Oh wait, not everyone knows what that means.
FIC stands for "Found in Collections" and it is yet another concept that can be baffling to non-museum folks. I mean, as a phrase it makes sense: an item is an FIC when it is discovered among the collections items, but has no identifying marks and we haven't been able to connect it with a known accession.
The baffling part is that this term exists. How can things just show up in the collection without anyone knowing where they came from? And that it happens enough to have a term for it? Are the artifacts breeding?!?!
No, collections work is not that sexy. Like most museum problems, the root of the issue is staff time. MOHAI went through long stretches when there was only one paid collections person, and frequently they were also expected to work on exhibits and programming and probably cleaning toilets too. Correctly processing a collection and numbering everything takes time. Maybe you skip labeling that one piece of lace because you think it will be obvious it goes with this other piece, but then when it becomes jumbled up in a giant box of lace it becomes much less obvious. Or maybe new accessions just pile up and you set them aside to work on "later" but then it sits there long enough that no one remembers what that pile was all about.
Then there is also the fact that we deal with all kinds of man-made objects from 1850 to the present, and it is shockingly easy to get non-artifacts mixed in with actual artifacts. When we moved into our new storage space, someone was using a mallet to adjust the shelf heights. They walked away for a moment and set the mallet down on shelf across the aisle. When they came back, they realized they had set the mallet down ON A SHELF OF MALLETS. They had to go through item by item, checking for numbers to make sure they picked up the right one. If they had forgotten, left it there and just found another mallet, that one would be an FIC. It is also why some of our office furniture looks like this:
So nowadays we do our best to avoid creating new FICs, but as we do inventory and delve into unexplored corners of the collection, we still turn up mysterious stuff. Every item we come across has to be accounted for, so if something does't have a clear number we give it a temporary FIC number just so we can track it.
The scary thing about FICs is that you can't really get rid of them unless you figure out what their deal is. If you just tossed everything you couldn't identify you would run into real trouble. That bit of lace that had no number and that you thought you could safely discard could turn out to be made by some important pioneer grandmother and it was actually on loan and the family wants it back and now YOU have to tell them that it got used for a kids craft activity and was thrown out after it was covered in macaroni.
So we hang on to FICs, hoping that one day the can be "resolved" meaning that they connect with some known accession, or you find information clarifying that yes that is a prop or reproduction or something someone accidentally set down in the wrong place.

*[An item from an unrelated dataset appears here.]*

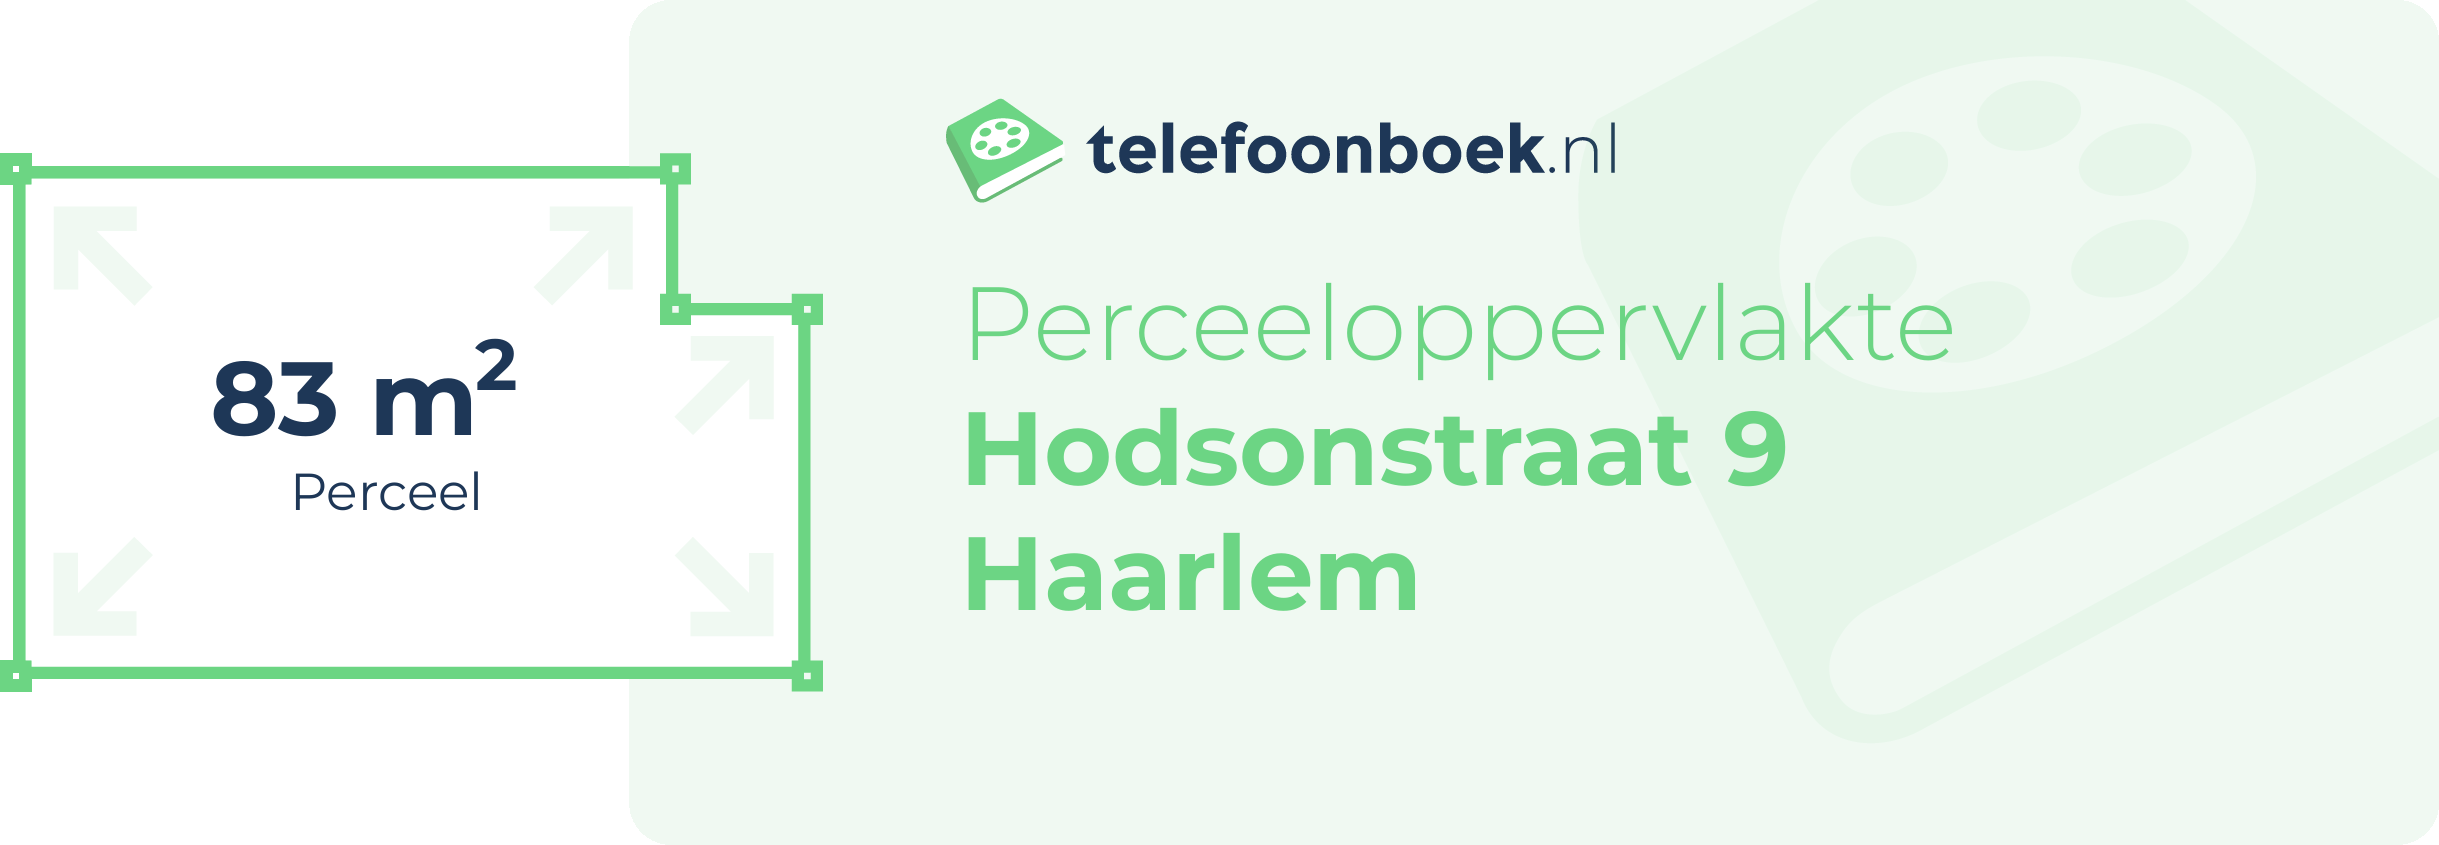 Perceeloppervlakte Hodsonstraat 9 Haarlem

ANYWAY so on Friday I was searching through the database for something else and came across a record for a hat with an unknown location that sounded SUSPICIOUSLY like a hat I had just put away. The one I had just boxed had an FIC number. So I pulled the hat and it matched the description exactly.
Artifacts reuniting with numbers (Dramatization)
I was ELATED. But then I thought to look up the other items in that accession. There were three other hats that came in with it and all had unknown locations. And what do you know, their descriptions matched three FICs hats that had been found at the same time as the first hat. I was like...
Ok, actually my victory dance looked more like...
My thought process, reading:
ReplyDelete"FIC, I know that!"
"OMG, resolved four, thats amazing!"
"So jealous"
"Haha, I remember that show"
skips to next gif - "Haha, I remember that chair"
goes back to previous paragrah - "OH MY GOD, the person that lost that mallet was ME."
Bahahaha, true story.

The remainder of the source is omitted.